Shannon Poole, 17, of Lord Lawson of Beamish Academy, Birtley, Co Durham. Predicted to gain a BC grade in GCSE English, but received a D. Of Shannon's 13 GCSEs, all but English and maths were at grade C or above.

"I got a B in my mock exam, so that was my target result. I was really devastated when the results came out. I actually cried. It was horrible.

"I was fortunate enough that the school is understanding and able to help me to start on the subjects I had wanted to do. I'm doing A levels in health and social care, applied science and textiles.

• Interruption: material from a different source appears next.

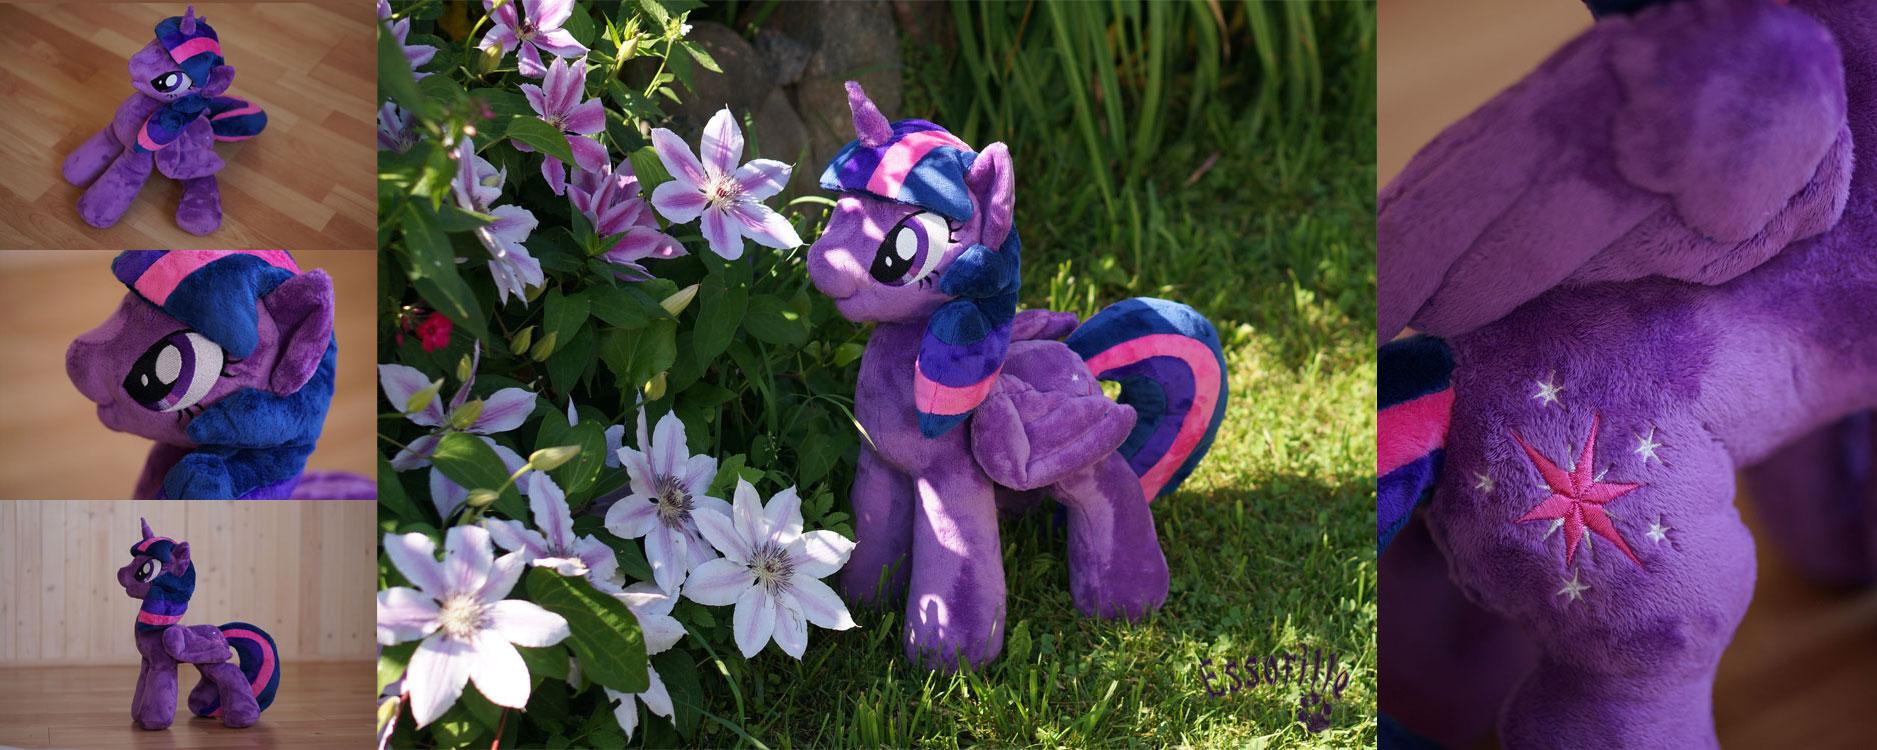 Twilight Sparkle, Twilicorn by Essorille

"It does feel really unfair, especially as we did (Welsh exam board) WJEC exams. It means we did the same exam as students in Wales. We could get higher marks but still not get the grade C that they get.

"I'm nervous about doing the resit. The D grade is really a knock-back and I don't feel confident in my English. I think that will always be something that sticks at the back of my mind. I'll always feel angry about it."

Devon Parkin, 16, of Lord Lawson of Beamish Academy. Predicted to gain a grade C, but received a D.

"I've got 14 GCSEs - I did some in Year 10 - and got a C on all of them, except English. My parents said, 'Well, you could have got a C on that one as well', but when I told them what had happened, with the marks needed for the grade being changed, they understood.

"Then they were a bit angry on my behalf. The head and the teachers were angry, too. They want something to be done."

Avinash Balaggan, 16, of Lord Lawson of Beamish Academy. Predicted to achieve a grade C, but received a D. Of Avinash's 12 GCSEs, English was the only one in which he did not gain a grade C or higher. He is now studying for A levels in ICT, PE and applied science.

"My teachers had told me that, based on the (internally marked) controlled assessment, I would get a grade C. I was shocked and quite angry when I got a D.

"I'm still a bit annoyed. I'm in two minds about the resit: even though I do want to get it, I feel I should have got a C in the first place. Now I'm having to revise and go to two lessons a week in English GCSE. I'm studying for something that I think I've already passed."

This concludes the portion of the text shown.